如果已经找到索引,我想从一个数据框创建一个带有新列的数据框,但是我不知道我将创建多少列:
#if WPF || Android || IOS || WF
if (/* stuff */)
{
// do stuff
}
else if (/* other stuff */)
#endif
// define stuff
#if !WinRT && !XForms
else
// Do some magic
#endif
我想要:
pd.DataFrame([["John","guitar"],["Michael","football"],["Andrew","running"],["John","dancing"],["Andrew","cars"]])
不知道一开始应该创建多少列。
答案 0 :(得分:6)
df = pd.DataFrame([["John","guitar"],["Michael","football"],["Andrew","running"],["John","dancing"],["Andrew","cars"]], columns = ['person','hobby'])
您可以对person
进行分组,并在hobby
中搜索unique
。

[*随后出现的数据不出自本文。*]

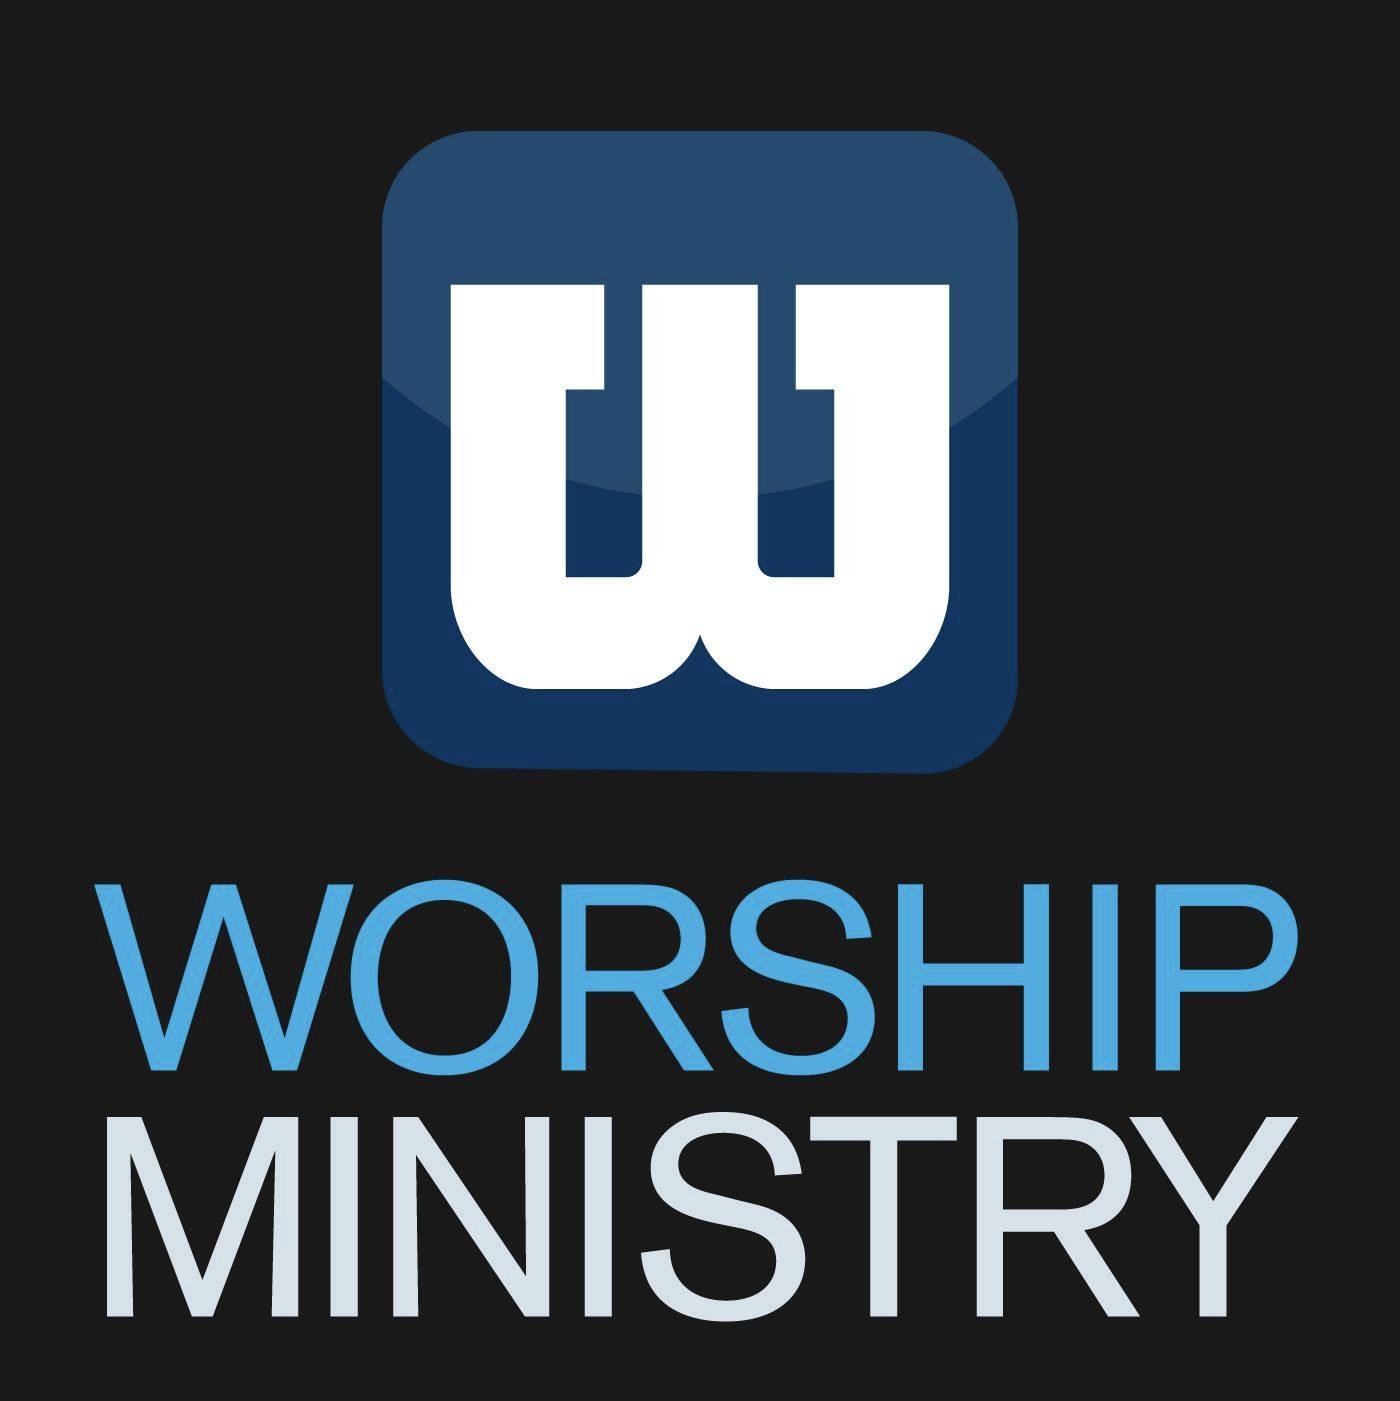 Worship Ministry, Great Church Sound blog

然后使用.apply(pd.Series)
将列表展开为列:
df.groupby('person').hobby.unique().apply(pd.Series).reset_index()
person 0 1
0 Andrew running cars
1 John guitar dancing
2 Michael football NaN
如果数据帧较大,请尝试使用更有效的替代方法:
df = df.groupby('person').hobby.unique()
df = pd.DataFrame(df.values.tolist(), index=df.index).reset_index()
本质上是一样的,但是在应用pd.Series
时避免了循环遍历行。
答案 1 :(得分:1)
使用GroupBy.cumcount
获取counter
,然后通过unstack
进行整形:
df1 = pd.DataFrame([["John","guitar"],
["Michael","football"],
["Andrew","running"],
["John","dancing"],
["Andrew","cars"]], columns=['a','b'])
a b
0 John guitar
1 Michael football
2 Andrew running
3 John dancing
4 Andrew cars
df = (df1.set_index(['a', df1.groupby('a').cumcount()])['b']
.unstack()
.rename_axis(-1)
.reset_index()
.rename(columns=lambda x: x+1))
print (df)
0 1 2
0 Andrew running cars
1 John guitar dancing
2 Michael football NaN
或聚合list
并通过构造函数创建新字典:
s = df1.groupby('a')['b'].agg(list)
df = pd.DataFrame(s.values.tolist(), index=s.index).reset_index()
print (df)
a 0 1
0 Andrew running cars
1 John guitar dancing
2 Michael football None
答案 2 :(得分:0)
假设列名称为['person', 'activity']
,您可以这样做
df_out = df.groupby('person').agg(list).reset_index()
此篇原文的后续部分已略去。